I do maintenance on the chain mill tomorrow to prep for another 5 gallon bucket of 80 mesh and smaller material. I'll run the larger than 80 mesh that comes out of the mill through my cement mixer ball mill. Doing it like this seems to maximize my gold take from the low grade material I have.

I'm still working on getting 10 grams of mercury/gold amalgam before I use my retort for the first time. Probably another month at the rate this small sized gold accumulates. Once I get that done, I'll need advice on how to melt this super fine gold without it blowing all over the place.
You get about 90 percent on the first run process. Are you satisficed with this 90 percent if you don't run the second process by tablespoon?
Could you just bump pan the second run materials to get most of the ultra fines too the bottom and then process just that material by removing most of the top material?

You may want to run the waste water through cotton sheets or better thin canvas material for some extra recovery of the 400 mesh minus that is in suspension.
 

You get about 90 percent on the first run process. Are you satisficed with this 90 percent if you don't run the second process by tablespoon?
Could you just bump pan the second run materials to get most of the ultra fines too the bottom and then process just that material by removing most of the top material?

You may want to run the waste water through cotton sheets or better thin canvas material for some extra recovery of the 400 mesh minus that is in suspension.
This is like a game to me. I'm just having fun trying different things to see what happens.

I'm happy with what I can squeeze out with my equipment. I'd need a shaker table to get the micron sized gold, and I've been told by two equipment sellers that my type of operation doesn't warrant such a costly expense. Both said sluicing was my best bet, which is what I'm learning to do.

But I don't want to spend all day doing this, so I just do about two hours on days I'm processing material; hand breaking ore, chain milling, sluicing. etc.

It's just not worth more effort for such small returns.
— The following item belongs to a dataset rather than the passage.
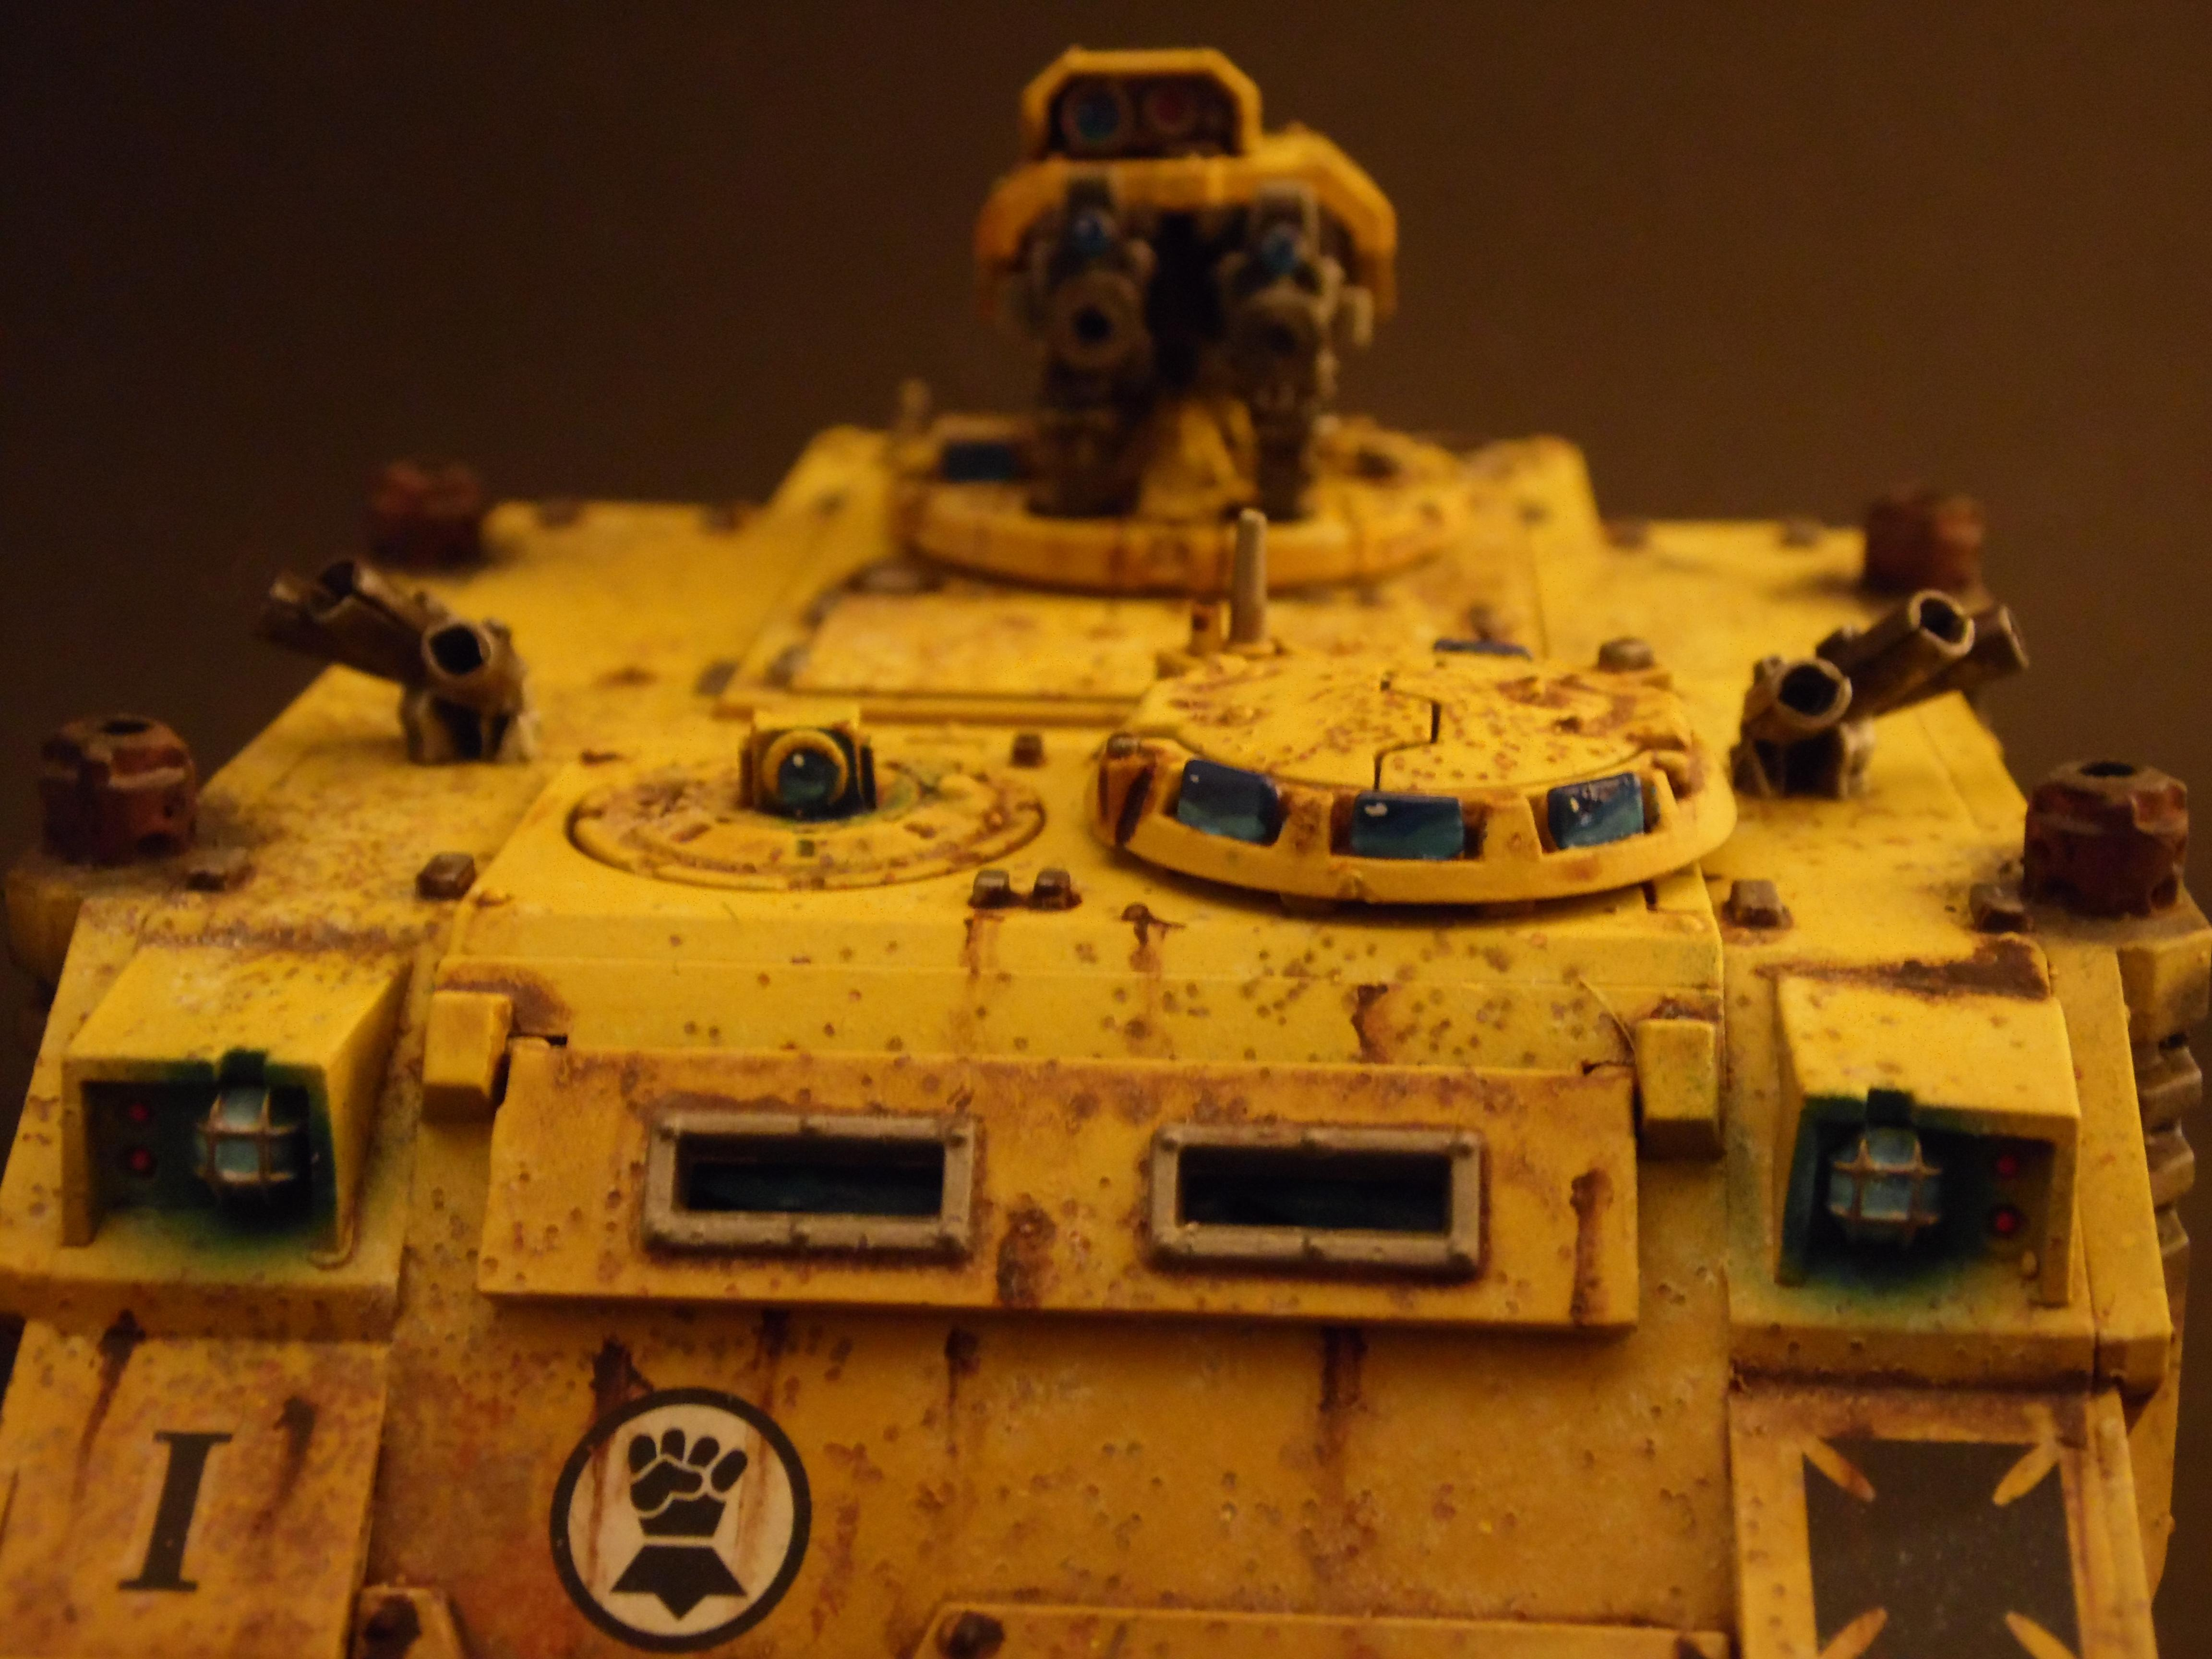 Fist, Fist Razorback, Imperial, Painting, Rusty, Rustytankpainting, Tank, Warhammer 40,000
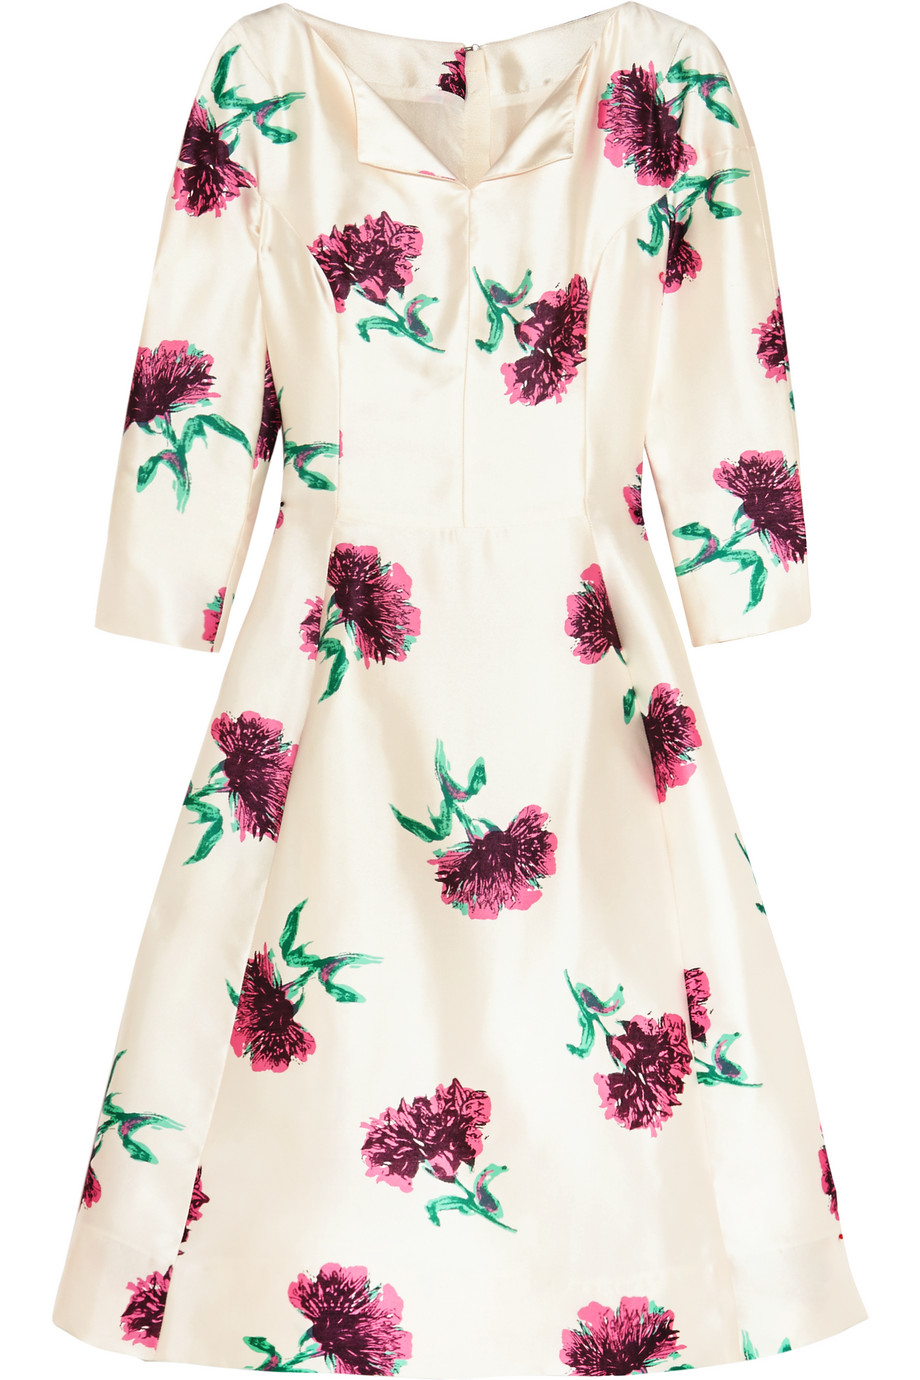 Oscar De La Renta Floral-Print Silk-Twill Dress, Ivory/Magenta, Women's - Printed, Size: 0

Like I said, it's a game to me, to see if I can make maybe an ounce out of what I have on hand. I'll probably be around age 75 when I finish with the ore I have, and then I will retire from the mining game.
 

OK Gents, I need more help on properly locating my smelting furnace, and 30 gallon propane tank. I plan on leaving them in place once properly placed, and cover them up once I finish using them, and letting them cool.

I was wondering if I could pour a cement slab. Would that take the heat of the furnace? Or would laying red bricks as a foundation work?

I'd appreciate your suggestions, and if you have them, pictures of your setup. Since this won't be moved, I would prefer those with permanent setups to respond.

This is my last piece to finish before I finally start cooking stuff.
 

Consider two things for your safety.

Your furnace and all your tools must be kept dry.

Things spill. Spilling hot metal on concrete will result in splashing. (Splashing BAD) Many consider packed dry clay to be a better surface to avoid splashing. Packed clay can be shaped and reshaped to contain and direct spills.